To improve the setup even more, Jenkins can be run in the cloud as a containerized environment. Not only will this improve the availability and deployment speed, but also allow us to scale workloads more easily. Agents and tasks can be run isolated from one another and be cleaned up reliably afterward. Better cost control is achieved by utilizing resources more efficiently.
In this blog post, I would like to show you how you can set up your own serverless, Controller/Agent-based, containerized Jenkins environment using AWS Fargate and Terraform.
This is the first post of a three-post series.
In the first post, we will set up a Jenkins Controller with Terraform on AWS Fargate.
In the second post Serverless Jenkins on ECS Part 2, we will expand the setup by adding a Jenkins Agent.
We will finish part three Serverless Jenkins on ECS Part 3 by customizing our Controller and Agent docker images and setup a deployment pipeline for Terraform using Jenkins Configuration as Code.
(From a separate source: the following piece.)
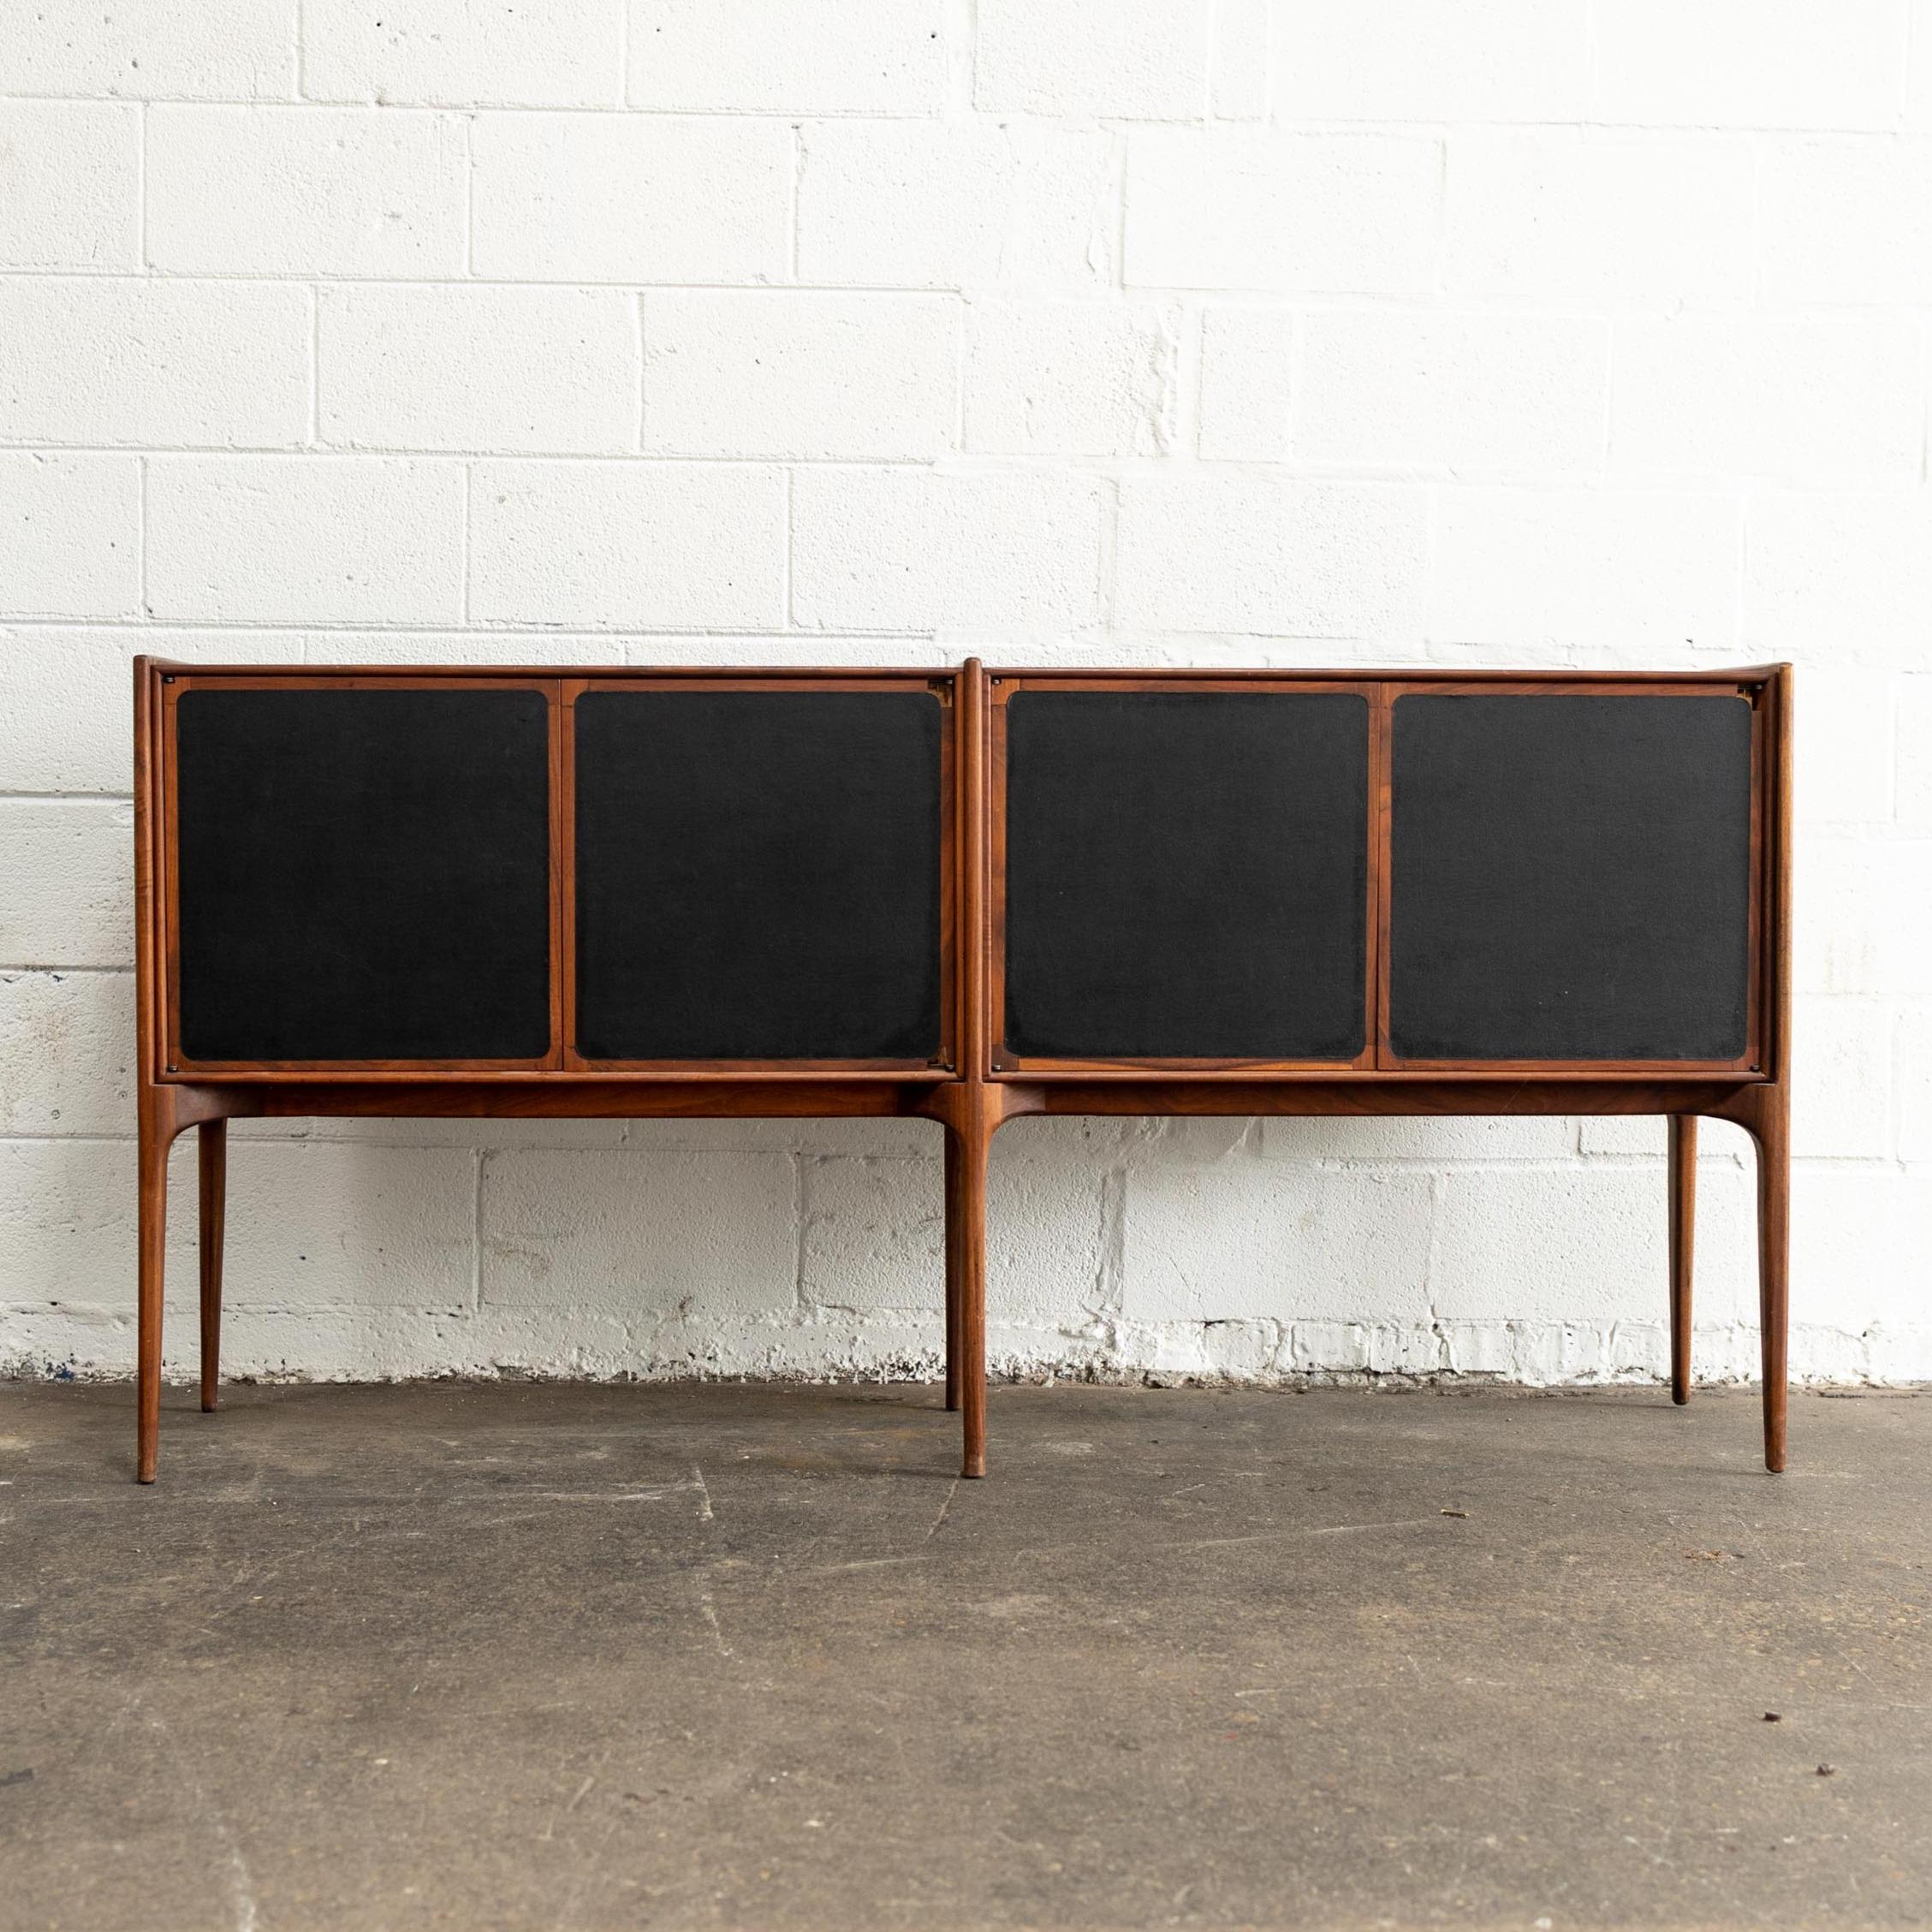 Unknown designer but likely American-made. Features large sections of solid walnut, hand-sculpted pulls, modular shelving, Italian-inspired legs, and record storage. This piece is priced with restoration in mind.

Please be aware that this blog post won’t go into much detail regarding Jenkins itself. We will set up a Jenkins job to deploy Terraform configuration in part three of this series, but won’t do a deep dive into topics like plugin management, task configuration, and user management. For more information, please visit the official Jenkins website.
Architecture
As an introduction, I would like to guide you through the infrastructure that we will set up as part of this blog post. The diagram below displays the target architecture that we will build and deploy.
We will start by building the network infrastructure. The network will include the vpc, the subnets, the internet gateway, nat gateways, and route tables. The nat gateways are needed to allow our Jenkins Controller to reach the public Internet. Public Internet access is needed to download container images from Docker Hub and communicate with AWS Service APIs. To keep this setup simple, VPC Endpoints were not used to reach AWS Services securely.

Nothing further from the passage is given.